Background
Forest inventory plays a pivotal role in environmental management by providing crucial data useful for finding timber volume estimates, informing timely policy changes by concerned stakeholders, for national and international reporting, among others. Collecting individual tree parameters, such as tree heights and trunk diameters, is essential for assessing forest health and biodiversity. Modern non-contact technologies, like photogrammetry and LiDAR, offer automated tree inventory capabilities, making survey excursions quick and efficient. These advancements facilitate rapid and accurate data collection, which are vital for sustainable forestry practices.
Accomplishments
Stereoscopic vision is a type of close-range photogrammetry that applies the principles of multiple-view geometry to create the 3D map of a scene.
It offers significant advantages over other techniques such as structure from motion (SfM) and LiDAR at measurement tasks.
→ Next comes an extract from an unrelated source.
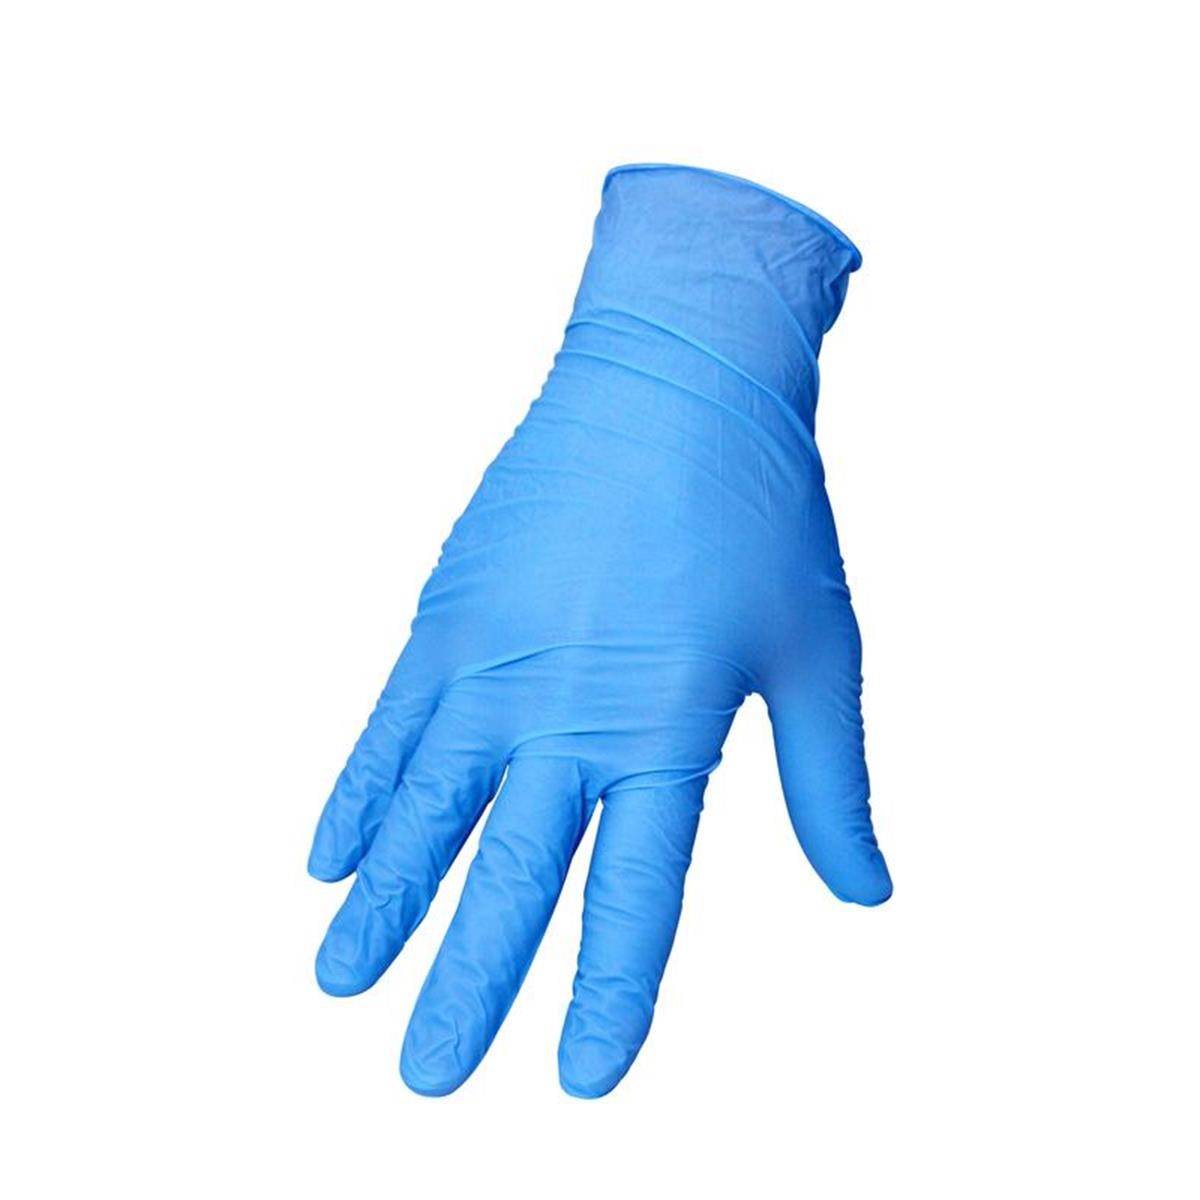 Motion Pro Nitrile Gloves  Blue, 100-pack, 0.5 mm

Its low computation software tool known as TreeVision that combines stereoscopic vision and deep learning to automatically estimate tree
biophysical parameters such as diameters at breast height, tree heights, and crown diameters. The tool comprises three modules for capturing
images, calibrating cameras, and extracting tree measurements from stereoscopic images. It is the result of more than two years of research and
development effort at our lab and has already been tested in a real forest setting. It is availableonline for anyone to download and try out.
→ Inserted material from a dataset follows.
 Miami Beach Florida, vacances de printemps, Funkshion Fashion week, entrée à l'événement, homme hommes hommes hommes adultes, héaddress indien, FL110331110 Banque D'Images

You can read more about TreeVision in our research paper.
Next Steps
At DSAIL, we are very proud of what we have already achieved in creating a user-friendly tool that
automates the work of tree inventory. We are currently planning to carry out more real-world deployments
of the application in forests to test its limits. We also plan to add more features onto it to facilitate
forest inventory data storage and analysis in order, thus making it a practical and useful tool for foresters.